The Measurement Problem

Nature-based restoration in the UK is still young. As a result, there is not a vast amount of ground-truth local project data. For context, as of January 2025, there has only been one peatland project that has reached year-5 verification under the Peatland Code (PC). For the Woodland Carbon Code (WCC) this number stands at around 182 projects; however, even this data is often gated because of privacy concerns.

Moreover, where data is collected, it comes in many shapes and forms. Some projects are shifting to high-resolution drone outputs and investing in LiDAR or photogrammetry-based digital elevation models, while others are still processing 12.5 cm RGB tiles from aerial flights.

This creates a fundamental tension. The carbon market needs measurement that is accurate, auditable, and scalable. But the data landscape is fragmented, labelled examples are scarce, and the diversity of inputs means any AI system that only works on one sensor or one resolution will break the moment it meets a new site.

This reality shapes everything about how we build and ship geospatial AI at New Gradient and Calterra. In this post we walk through the full pipeline: from how we train models that can learn from very little labelled data, to how we turn that general capability into specific, interpretable measurements of individual trees that underpin credible carbon estimates.

What We Need From a Model

First, we need a model that can learn a general understanding of the underlying data distribution from a small number of samples. In other words, learning on tree-count labels from restored Juniper in England should be sufficient for the model to transfer to Caledonian Pine in Scotland. Second, the AI models must retain performance across diverse source data.

Our answer: Geospatial Foundation Modelling.

We use a mix of open-source and in-house trained foundation models (FMs) that power task-specific learners. This lets us quickly bootstrap to many downstream applications and generalise performance even with small datasets. The backbone is also a multisource, multiresolution learner, allowing us to handle the various inputs currently used in practice.

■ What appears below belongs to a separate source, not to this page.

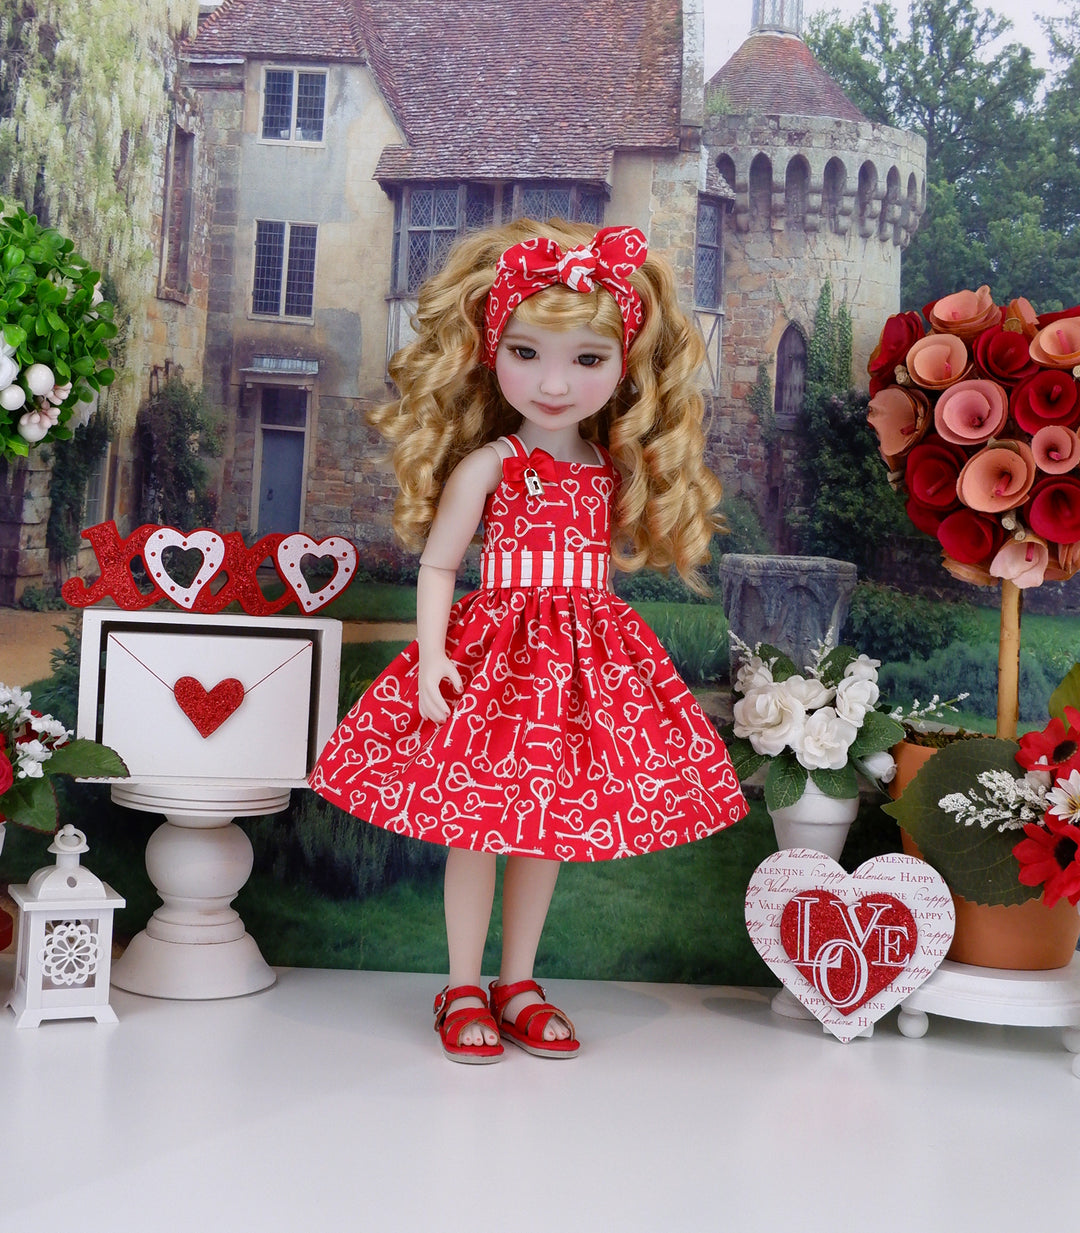 Key to Love - dress with shoes for Ruby Red Fashion Friends doll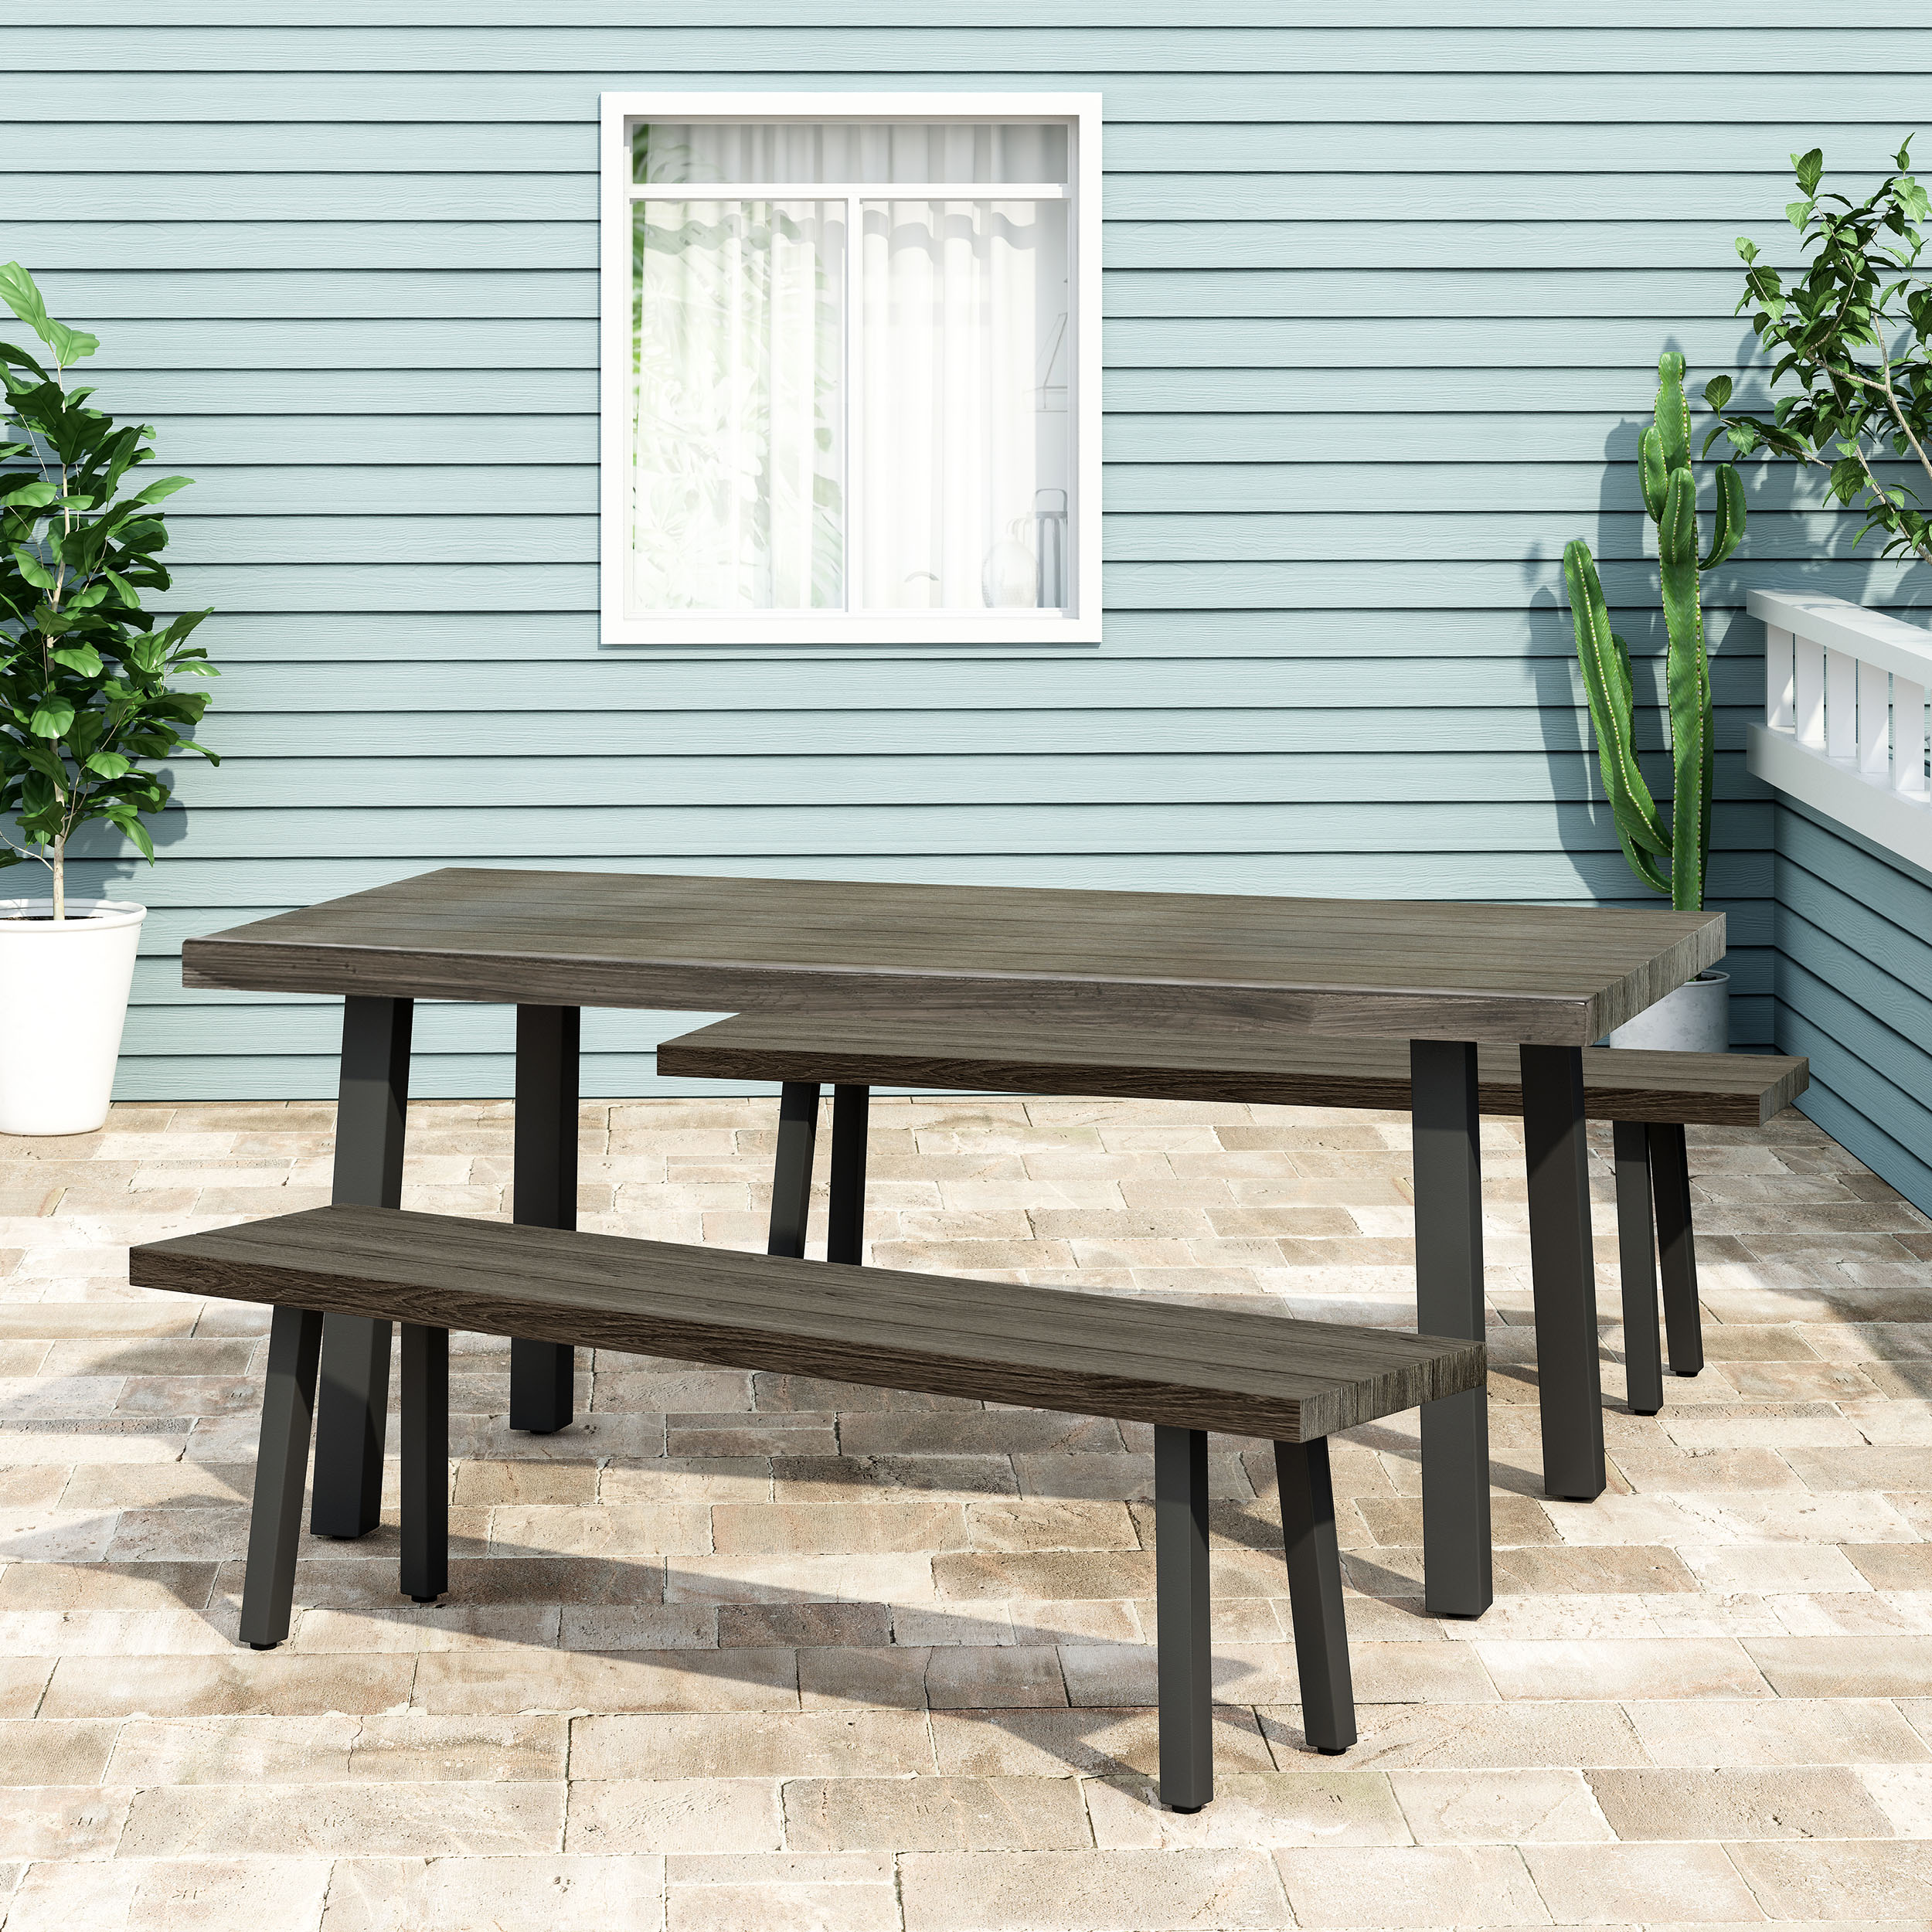 GDF Studio Altair Outdoor Modern Industrial 3 Piece Aluminum Dining Set with Benches, Gray and Matte Black - image 3 of 13

Multiple studies show that models that first learn from large pools of unlabeled imagery and only then see a small set of audited examples reach the same, or better, accuracy with far fewer labels than training from scratch. For example, one widely cited study showed that with ~1% of labels, a pretrained model could match or surpass a baseline trained with 100% of labels on a standard land-cover benchmark. For compliance-grade geospatial work, that label-efficiency is decisive.

Building the Foundation

Data and Normalisation

Sources: UK-wide RGB and depth (DSM/DTM) imagery from drone, aerial, and satellite.
Geometry: Unify CRS, verify alignment, correct residual ortho issues.
Depth cleanup: DSM detrending to emphasise local relief; distribution transforms for outlier handling and alignment with RGB data.
Tiling & indexing: Window scenes into training tiles; retain metadata.
Augmentations: Flips/rotations, careful to preserve ecology-relevant cues.

Self-Supervised Pretraining

To create foundation models we need to adopt a learning task that allows models to see vast amounts of domain data and understand it without requiring any extensive labelling efforts. This kind of learning strategy is called self-supervised learning, i.e., we are not supervising the model with labels. The task we use is masked image modelling: hide patches, ask the network to reconstruct them. With RGB + height, the model learns structure (edges, textures, boundaries) and form (micro-topography) without any labels. The model in a way gains an overarching understanding of Earth Observation (EO) data semantics.

Feature clustering on frozen embeddings of pretrained models already shows semantic grouping (trees, roads, fields, built areas) even before fine-tuning. The model is itself able to learn underlying semantics of geospatial data, which makes it a much better and quicker learner on downstream geospatial analysis tasks, say, detecting all trees in an image. Hence, it has a learnt "foundation" in geospatial data.

Scale and Infrastructure

Compute: 10x NVIDIA A40 GPUs, mixed precision, gradient checkpointing.
Data scale: ~1.8 million tiles across the UK.

That foundation gives our models a general ability to see: edges, textures, boundaries, micro-topography. But seeing isn’t enough for compliance-grade measurement. To be useful for carbon markets, a model needs to understand: to delineate individual tree crowns, identify what species they are, and measure their structure.

From Foundation to Expert Models

The pretrained encoders are the backbone. On top, we attach focused heads ("experts") with clear, bite-sized jobs. This reduces scope and fallibility.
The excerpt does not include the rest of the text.